━━━━━ ENTRIES PROVIDED

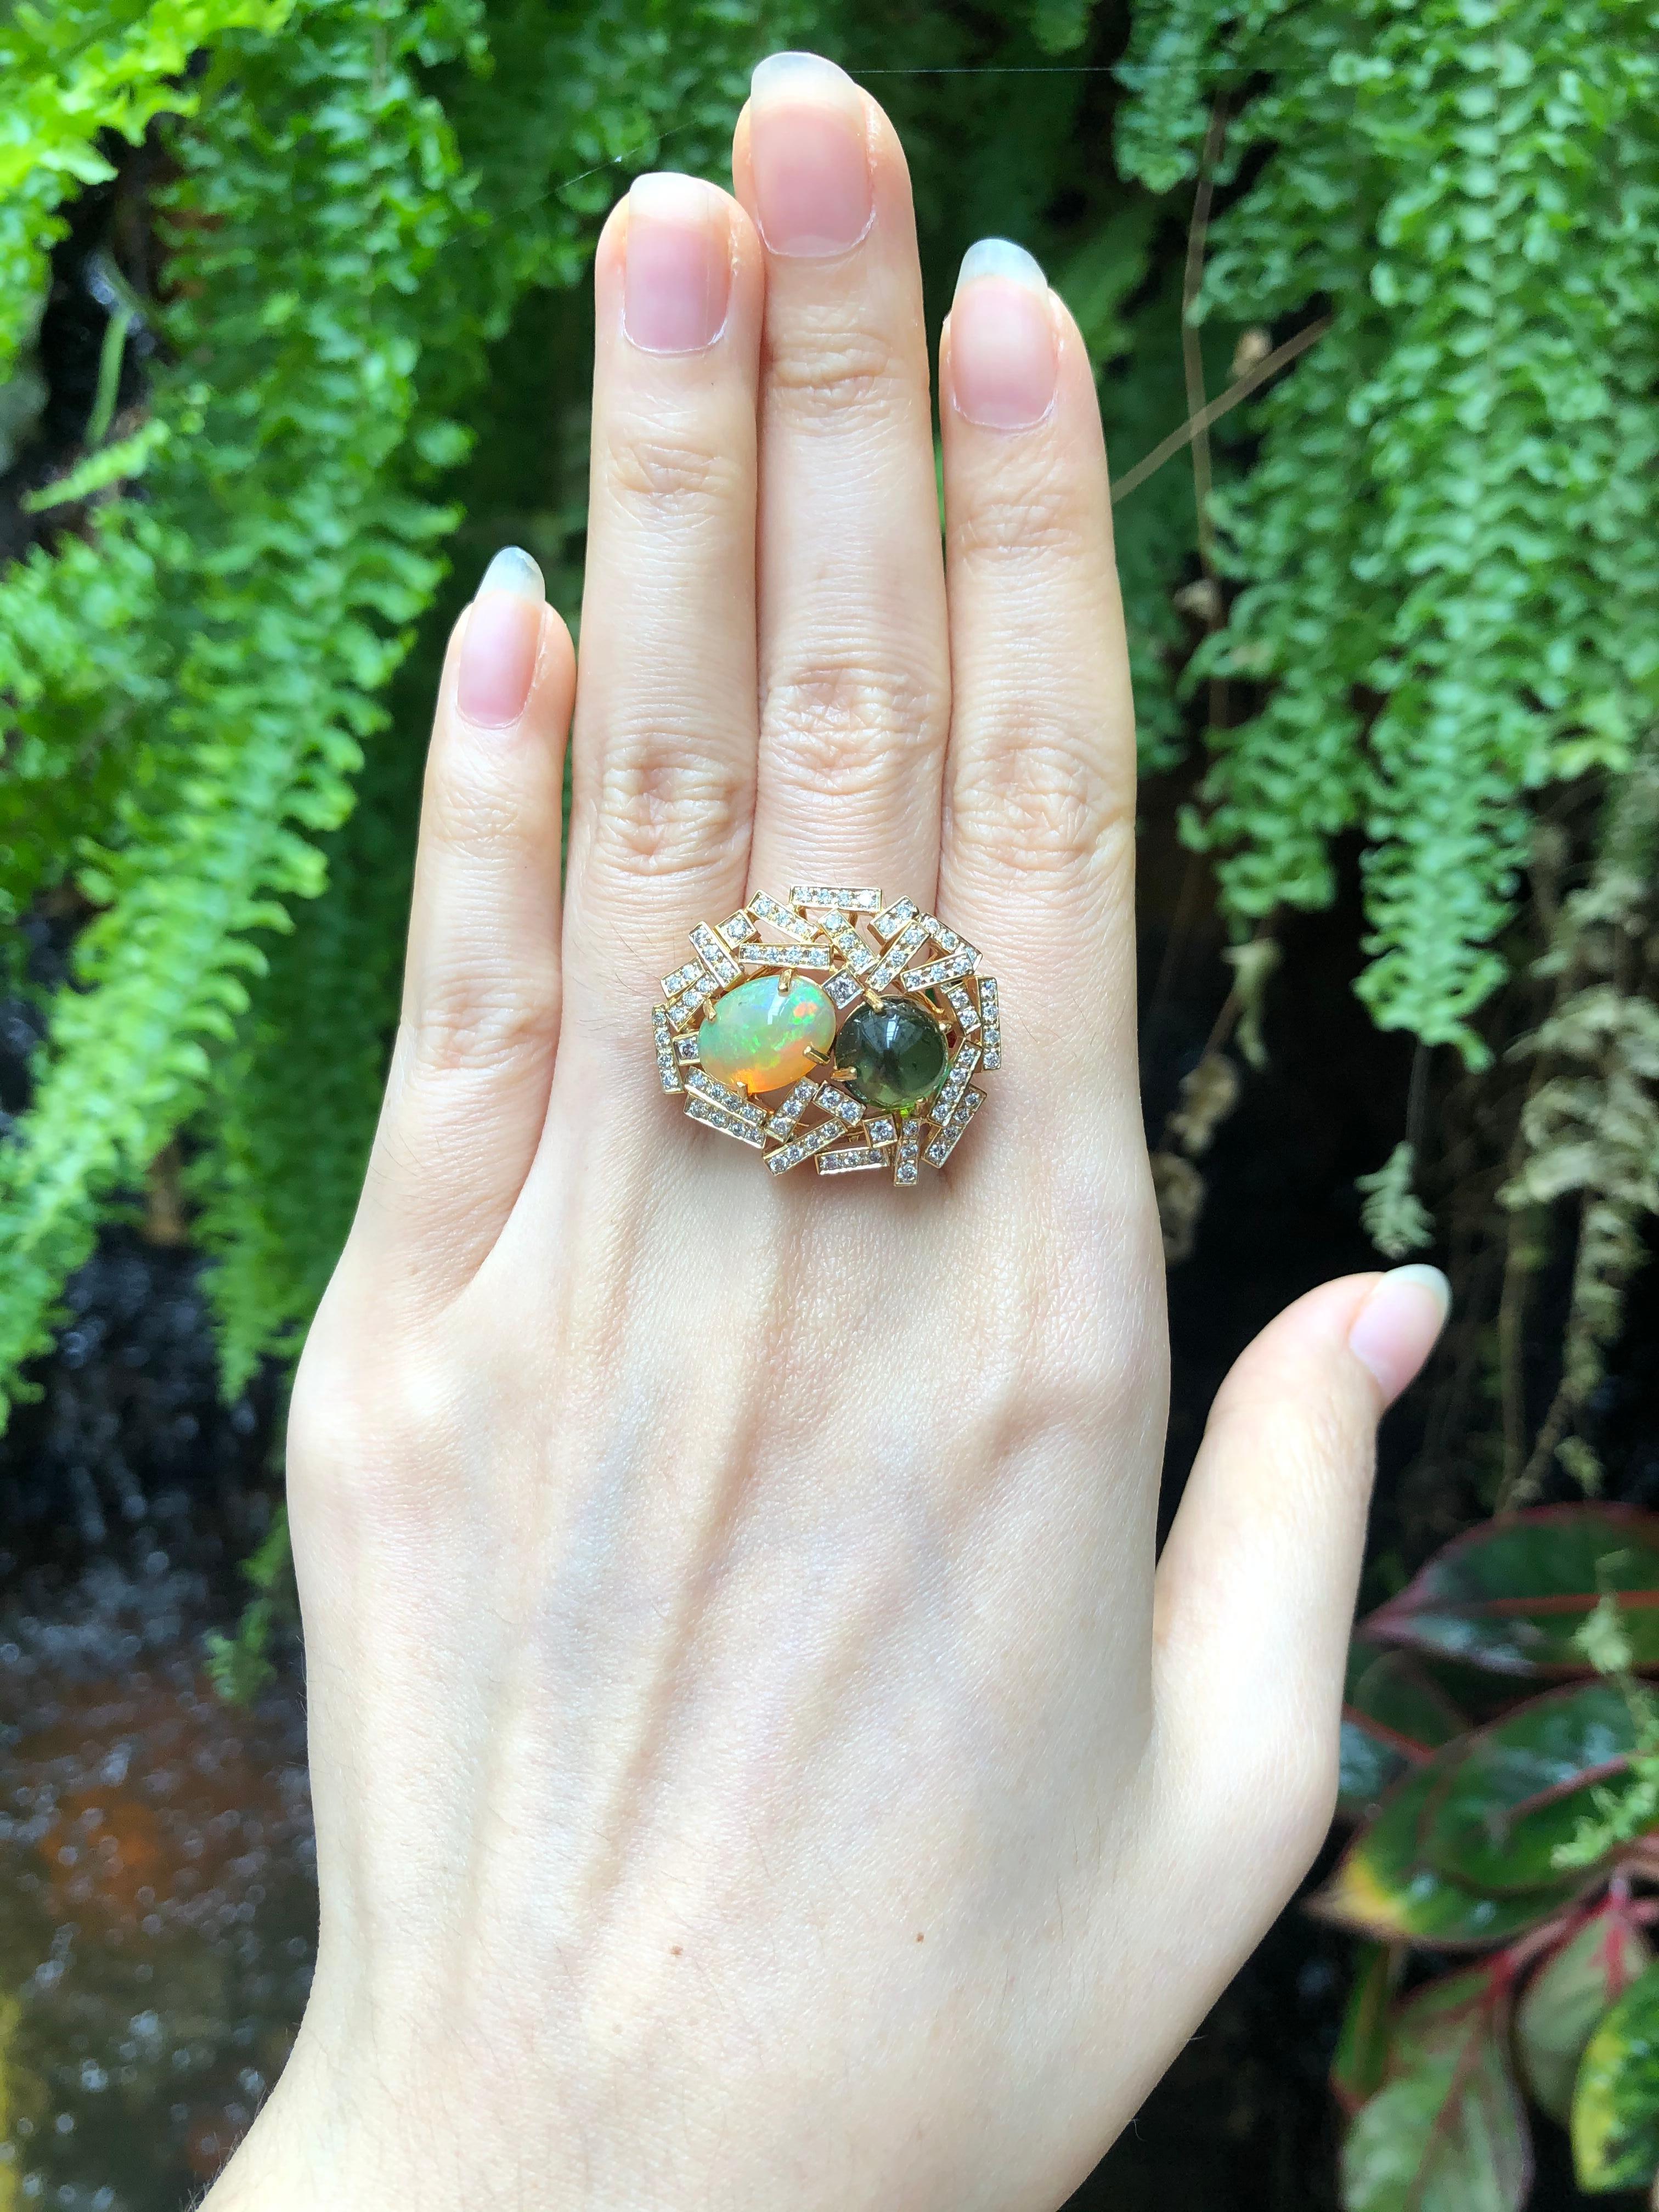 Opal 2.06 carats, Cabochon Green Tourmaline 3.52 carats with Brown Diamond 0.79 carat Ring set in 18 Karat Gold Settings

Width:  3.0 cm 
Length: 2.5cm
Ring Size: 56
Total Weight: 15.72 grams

━━━━━━━━━━

What is needed is every entry written out word for word, with no pictures.

 Opal 2.06 carats, Cabochon Green Tourmaline 3.52 carats with Brown Diamond 0.79 carat Ring set in 18 Karat Gold Settings

Width:  3.0 cm 
Length: 2.5cm
Ring Size: 56
Total Weight: 15.72 grams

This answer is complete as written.